Proteins were separated by SDS-PAGE as described by Laemmli (28). The resolving gel [10% (w/v) acrylamide, 0.025% (w/v) SDS, 0.375 M Tris-HCl, pH 8.8, polymerized with 0.05% (w/v) ammonium persulfate and 0.05% (v/v) N, N, N′, N′-tetramethyl ethylenediamine] was overlaid with the stacking gel [5% (w/v) acrylamide, 0.025% (w/v) SDS, 125 mM Tris, pH 6.8, polymerized as before]. Protein samples were prepared reduced by the addition of an equal volume of dithiothreitol [30 mg/ml in 0.2 M Tris-HCl, 2% (w/v) SDS, 8 M Urea, pH 8.2] (29). Electrophoresis was performed at 150 V in 192 mM glycine, 0.1% (w/v) SDS, 25 mM Tris, pH 8.2, using 7 × 9 cm minigel format (mini-Protean II apparatus, Bio-Rad). Proteins on gels were detected by silver staining (Bio-Rad) or by Western blot analysis.

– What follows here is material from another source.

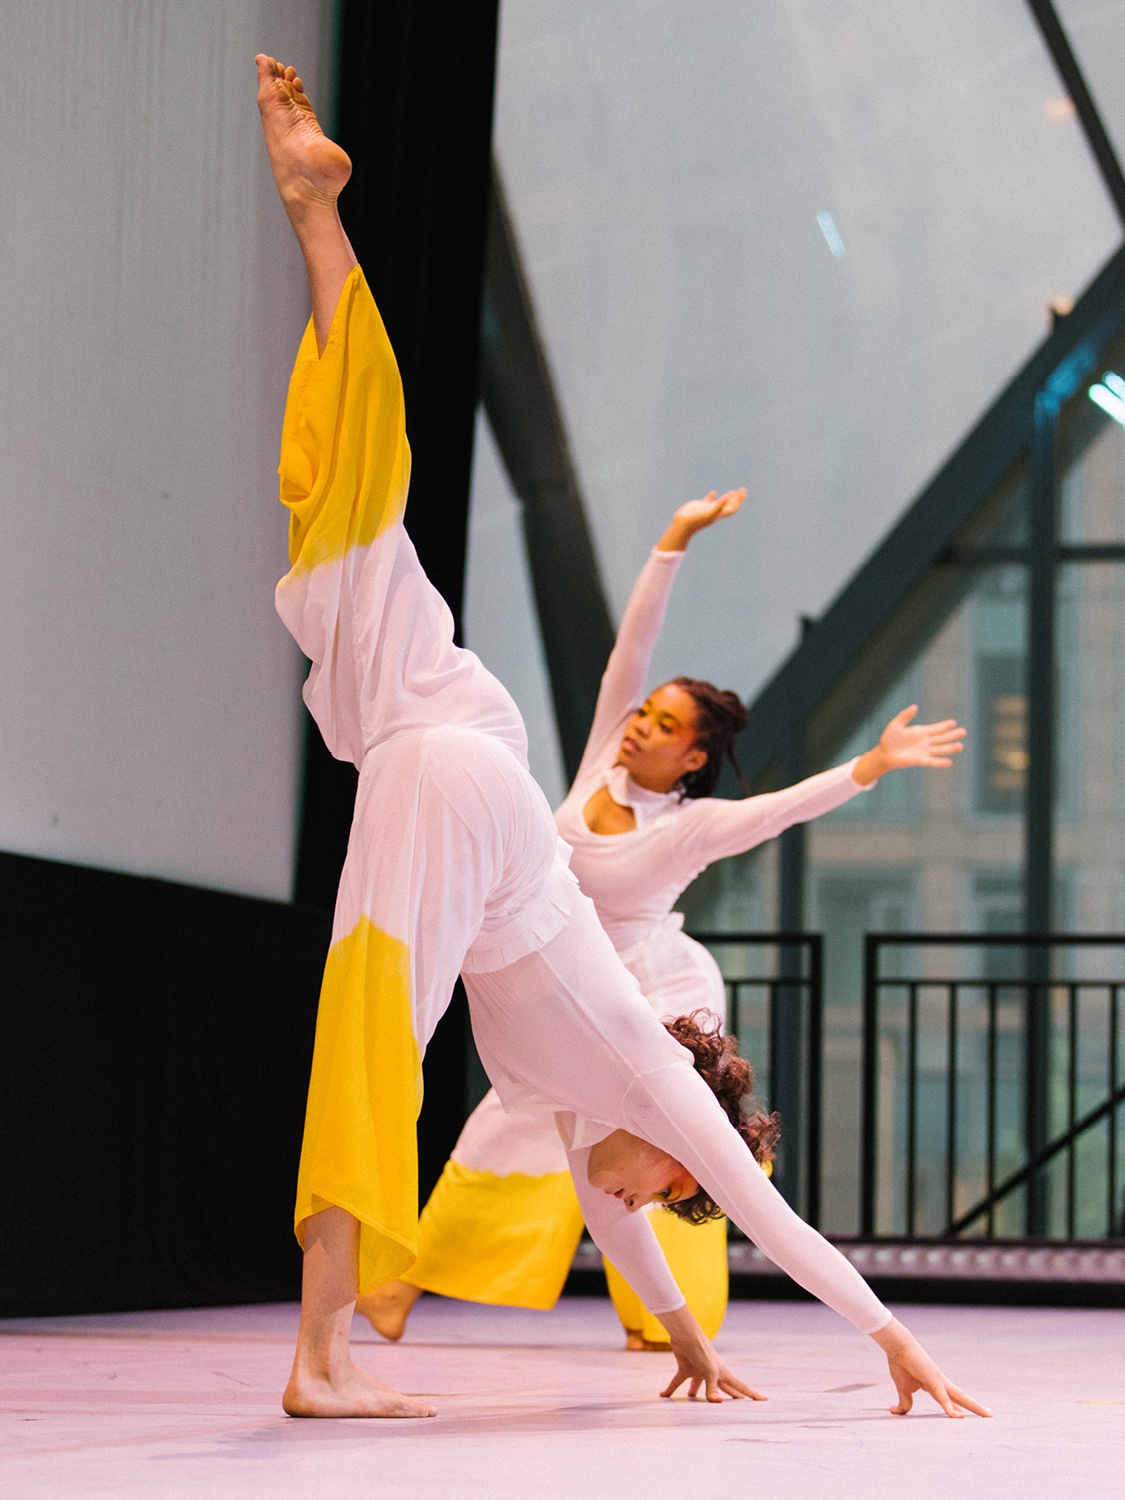 Two dancers on stage in white costumes with the pants dyed bright yellow. In the foreground one dancer bends over to touch the ground, lifting their left foot high into the air. In the background the second dancer extends both arms above their head.

Western Blot Analysis (30)

Electrophoretic transfer of proteins from SDS-PAGE gels to Immobilon-P membranes (Millipore) was carried out using a Biometra Fast-Blot semi-dry horizontal blotter using transfer buffer 0.039 M glycine, 0.048 M Tris, 0.0375% (w/v) SDS. The transfer membrane was briefly soaked in methanol prior to transfer. A constant current of 0.8 mA/cm2 was applied for 1.5 hr. After transfer, the membrane was blocked by overnight incubation at 4°C with phosphate-buffered saline (PBS), 5 mM EDTA, 0.05% Tween-20, pH 7.3 (PBS-Tween). Antibodies at their appropriate concentration in PBS-Tween were applied and incubated with the blot for 2 hr at room temperature. After extensive washing with PBS-Tween, goat anti-rabbit IgG alkaline phosphatase (Sigma) was added and the blot developed with 5-bromo-4-chloro-3-indolyl phosphate-nitrobluetetrazolium (BCIP-NBT) tablets (Sigma).

Gel Filtration

BAL fluid samples were filtered (0.2 ttm) before being fractionated on a Superose 6 column (300 × 10 mm) equilibrated in PBS, 5 mM EDTA pH 7.3, (PBS-EDTA), using the fast protein liquid chromatography (FPLC) system (Pharmacia). The column was calibrated using a range of standards [blue dextran, thyroglobulin (bovine), apoferritin, β-amylase, alcohol dehydrogenase, bovine serum albumin (BSA) and carbonic anhydrase] and operated at a flow rate of 0.4 ml/min. The void volume of the column was 7.0 ml. Aliquots (250 µl) of BAL were loaded onto the column; 1-ml fractions were collected and 100 µl of each analyzed by ELISA.

Standard protein Stokes radius values were calculated as described by Ackers (31) from diffusion coefficients taken from Smith (32):

$$a = KT/6\pi ZD$$

where a is the Stokes radius, K is the Boltzman constant, T is the temperature in °K, Z is the viscosity of water at 20°C, and D is the diffusion coefficient in water at 20°C.

The Stoke’s radii of SP-A oligomers was determined by their elution from the gel filtration column relative to the protein standards.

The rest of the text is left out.